Health Care Organizational Benefits Of Bench Marking 

    However, to reap the full benefit of benchmarking the organization must move to external benchmarking and comparisons with other organizations. 

    External benchmarking may be conducted with like organizations in a geographical region, with similar organizations in a collaborative project, with recognized high performers in health care, or with high-performance industries outside health care. 

    Identification and comparison with high performers are costly and time consuming and may be more efficiently handled by a consulting group or benchmarking clearinghouse that does benchmarking for health care organizations and has access to data from similar organizations recognized as high performers. 

    Analysis requires two discrete sets of data: (1) the benchmarks, or performance measures, to be used in comparing the benchmarking organization's performance against the selected high performers; and (2) a thorough description of the operational process being benchmarked in the organization using benchmarking and the comparison organizations. 

    This operational description is often referred to as process mapping and is essential to identifying practices in the comparison organizations that enable them to be high performers. Identification of these "best" practices is a necessary prerequisite for the analysis, identification, and adoption of practices that can improve the benchmarking organization's performance. 

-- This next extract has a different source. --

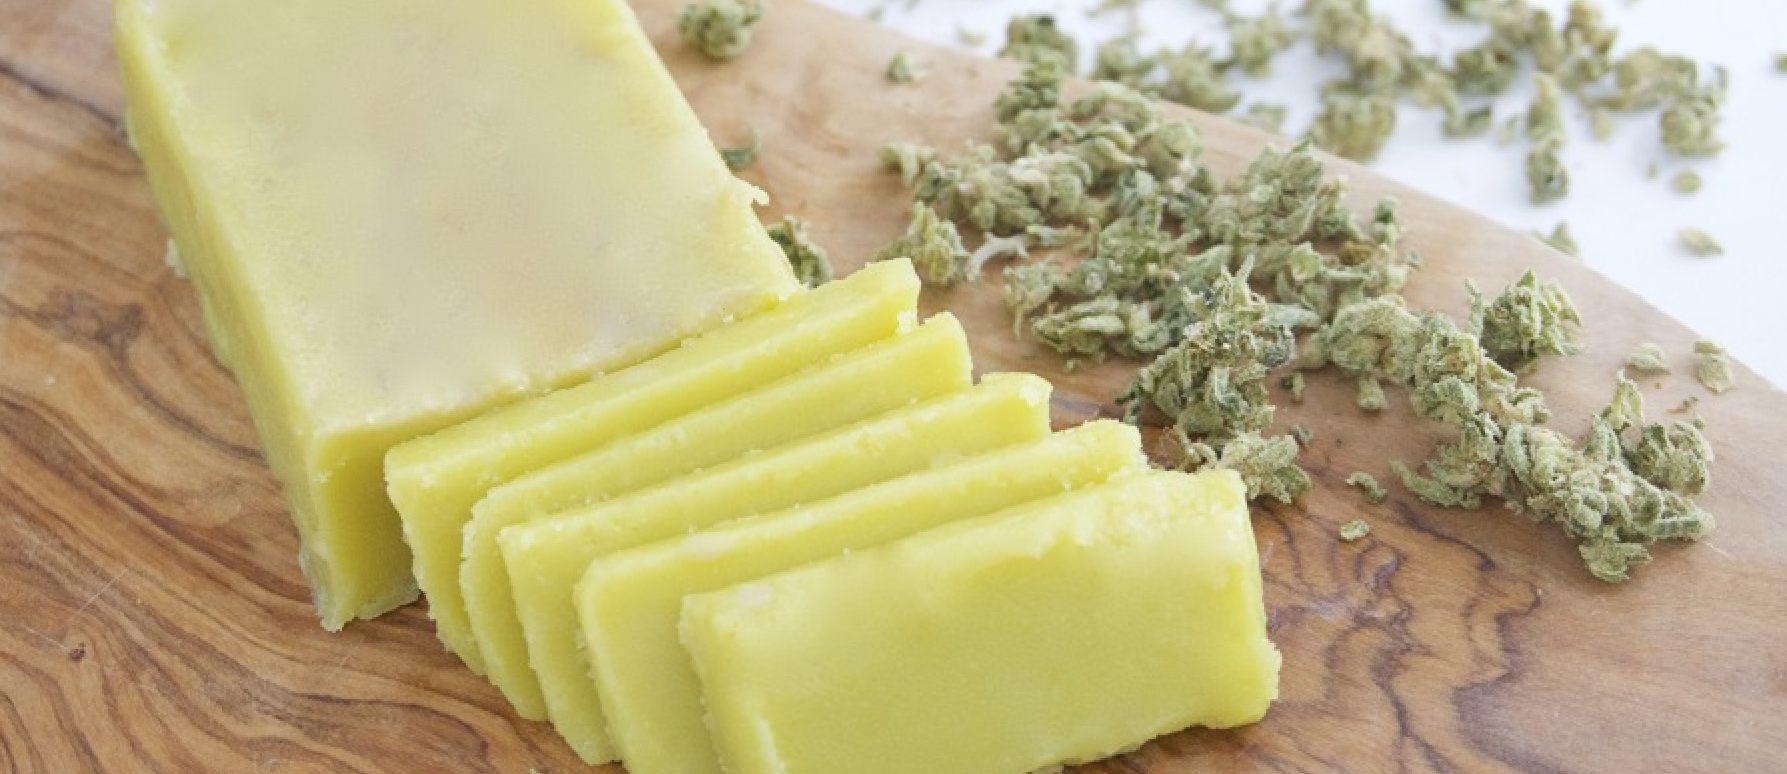 Receta de Mantequilla Medicinal vegana con Marihuana

    Implementation of operational processes identified through benchmarking, followed by reevaluation of the selected performance measures, is a cyclical process that is repeated until performance goals have been reached and maintained over time.

Bench Marking In Health Care And Increase In Stress And Cost 

    Although benchmarking has the potential to assist health care organizations to make quantum improvements in operational and delivery systems, it also has the potential to increase stress and cost and to be counterproductive if used inappropriately or improperly. Because benchmarking is in its infancy in health care, a number of pitfalls must be avoided. 

    A common problem is comparing the benchmarks (performance measures) and not looking at the process to find out how the high-performing organization achieves performance and how it differs from the benchmarking organization's performance. Truly effective benchmarking requires in-depth, personal examination of the reasons for the high performer's success. 

    It also requires that performance and productivity measures be consistent with the philosophy and objectives of the organization (Smeltzer, Leighty, & Williams-Brinkley, 1997). Problems also may arise from an inadequate study design, inadequate data analysis, and inadequate preparation of the organization for benchmarking. Benchmarking studies have only recently been published in health care literature. 

    Many of these studies are reported as case studies that provide information about the process being used, the organizational changes made, and the outcomes achieved through the benchmarking process. 

    Examples of business and management processes studied include workers' compensation process, admissions process, scheduling systems, and operating room use. Studies of benchmarking with clinical processes (Bankert, Daughtridge, Meehan, & Colburn, 1996; Czarnecki, 1996) and patient populations (Clare, Sargent, Moxley, & Forthman, 1995; Lauver, 1996) are reported in the literature and often contain cost information as well as patient outcomes. 

    Although consulting organizations have accumulated comparative data from the organizations they service, this information may surface in the literature slowly, if at all. To determine the usefulness of benchmarking for achieving improvements in health care organizations, more evaluative studies are needed to assess the effectiveness of benchmarking for improving the cost and quality of services provided by health care organizations.